The Court found that our client had achieved “some degree of success on the merits” because Aetna ultimately reinstated his LTD claim, issued payment for past-due benefits and continued to pay benefits. The Court concluded, “Durham litigated his claim and caused Aetna to reconsider its position and grant him his benefits, thereby obtaining full relief through settlement.” The Court also rejected several of Aetna’s arguments for a reduction of fees, including that our client should not recover fees for work done after the administrative denial but prior to filing the Complaint. Aetna’s argument was based on the well-settled principle that recovery under ERISA is limited to work done in connection with a formal action. Cann v. Carpenter’s Pension Trust Fund for Northern California, 989 F.2d 313, 316 (9th Cir. 1993). Aetna claimed that McKennon Law Group PC’s work done after the administrative denial but five months prior to filing the lawsuit was not done in connection with the formal action. The Court disagreed and determined that all of McKennon Law Group PC’s pre-filing efforts were in direct pursuance of the litigation and were, thus, recoverable. The Court also rejected Aetna’s argument that fees incurred after Aetna made a $35,000 settlement offer were not compensable, finding that there was no precedent to support this argument and that Aetna’s $35,000 offer was not reasonable. In the end, the Court awarded our client almost $90,000 in fees, costs and interest.

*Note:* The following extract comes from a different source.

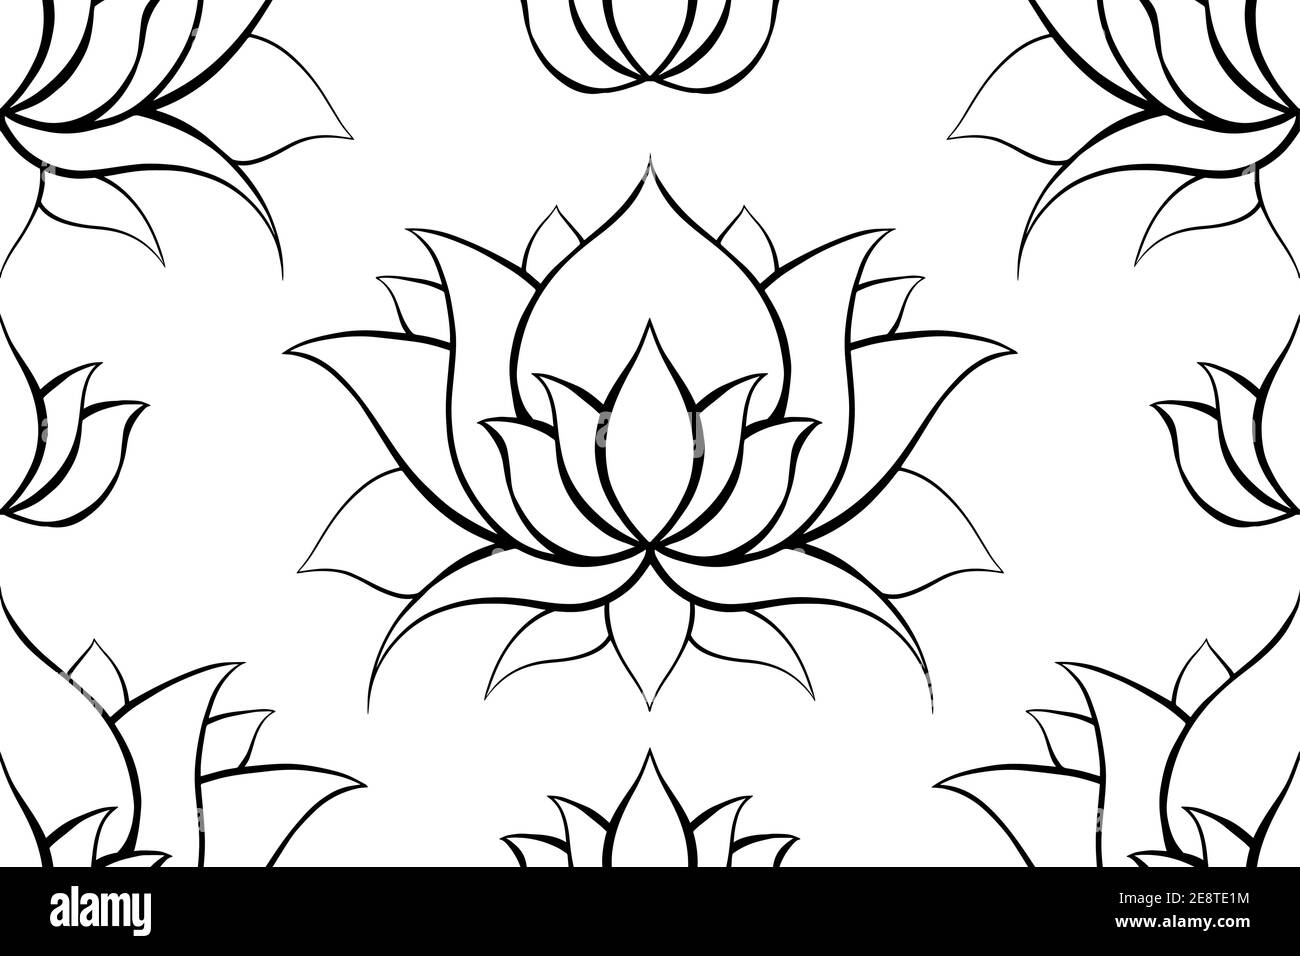 Filigraner Hintergrund mit Konturen von Lotos. Umreißen Sie Seerosen auf weiß. Zarte Naturtapete für Spa und Yoga-Zentren. Vektor florale Textur Stock Vektor
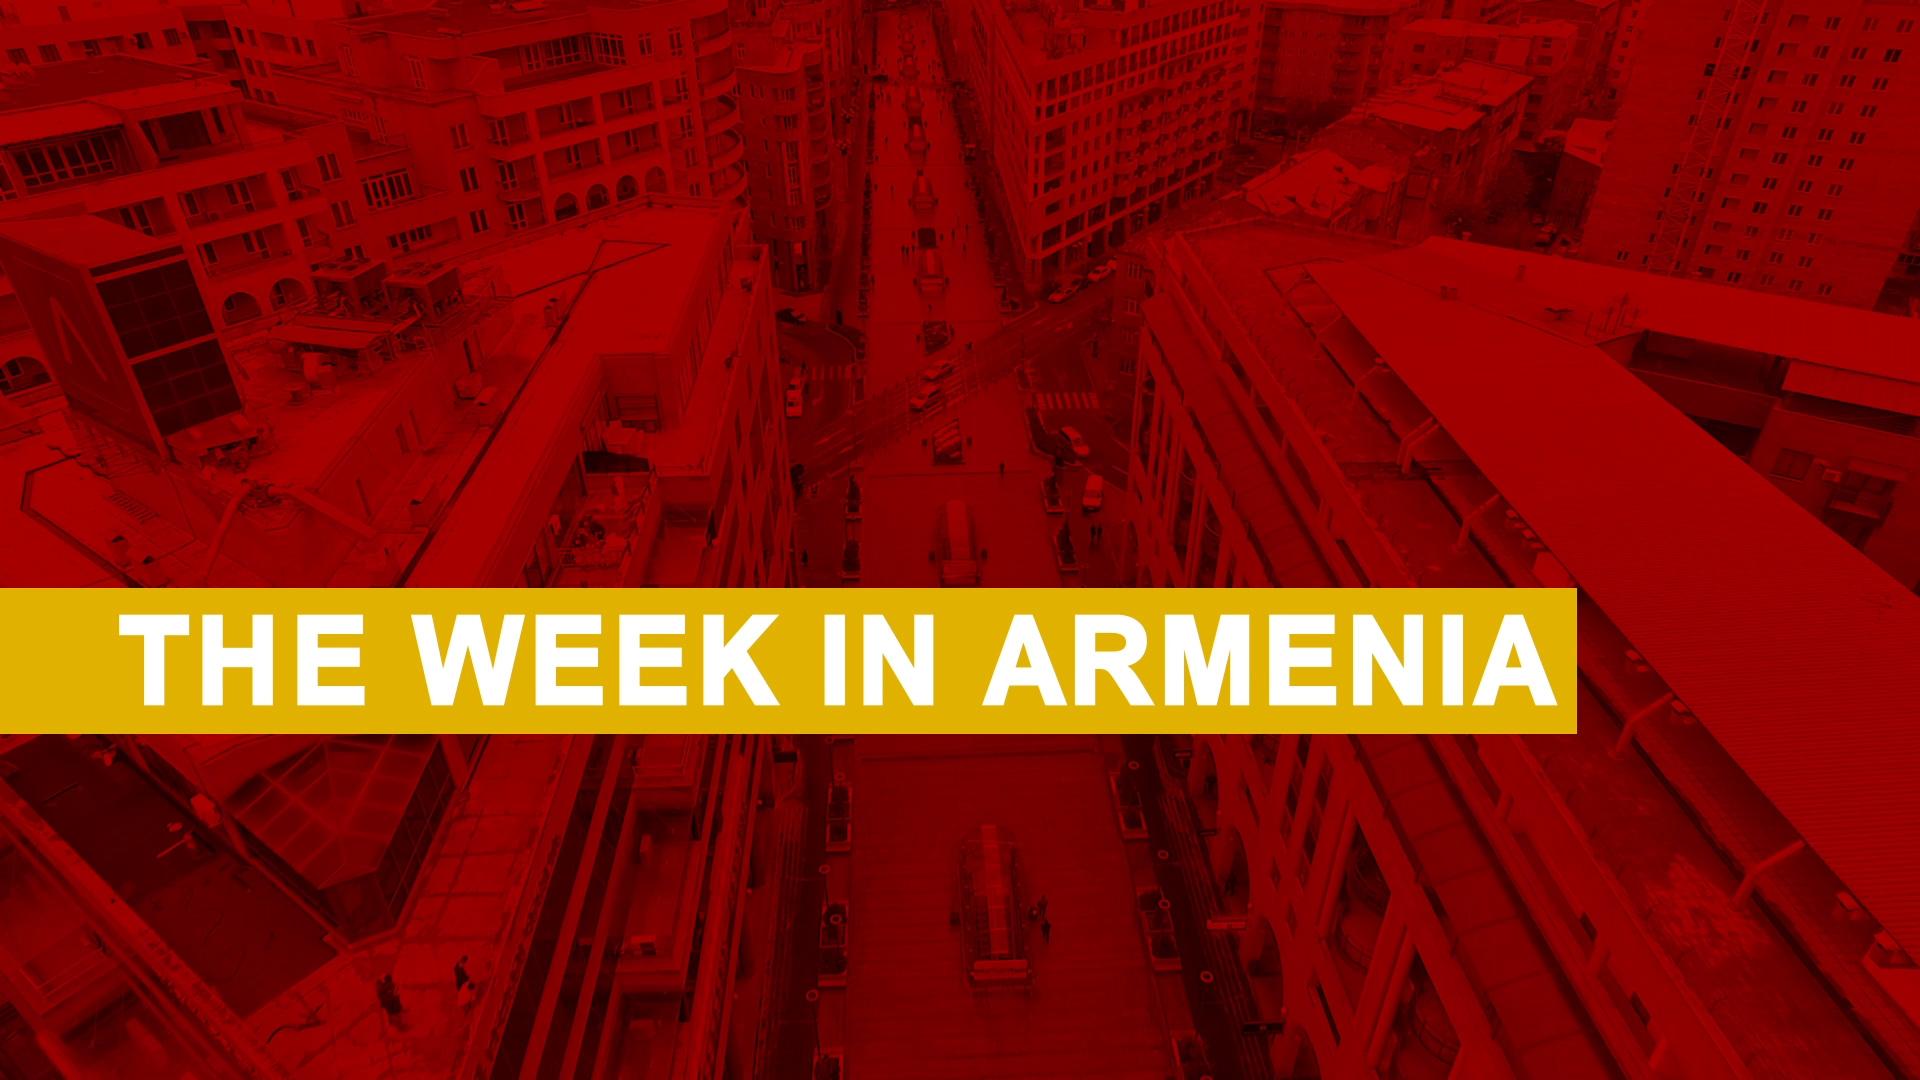 The Week in Armenia, Sept. 5

Because ERISA permits claimants to recover attorneys’ fees when they prevail in litigation, claimants should not be deterred from hiring experienced, well-qualified ERISA lawyers like the McKennon Law Group PC to help them recoup their wrongfully denied benefits in court. In these instances where attorneys’ fees are awarded, the insurance company pays the fees and the claimants are able to keep all of their life, health, disability or accidental death benefits. This result affords claimants fair access to federal courts and is consistent with ERISA’s underlying purpose, which is to protect the interests of participants in employee welfare benefit plans.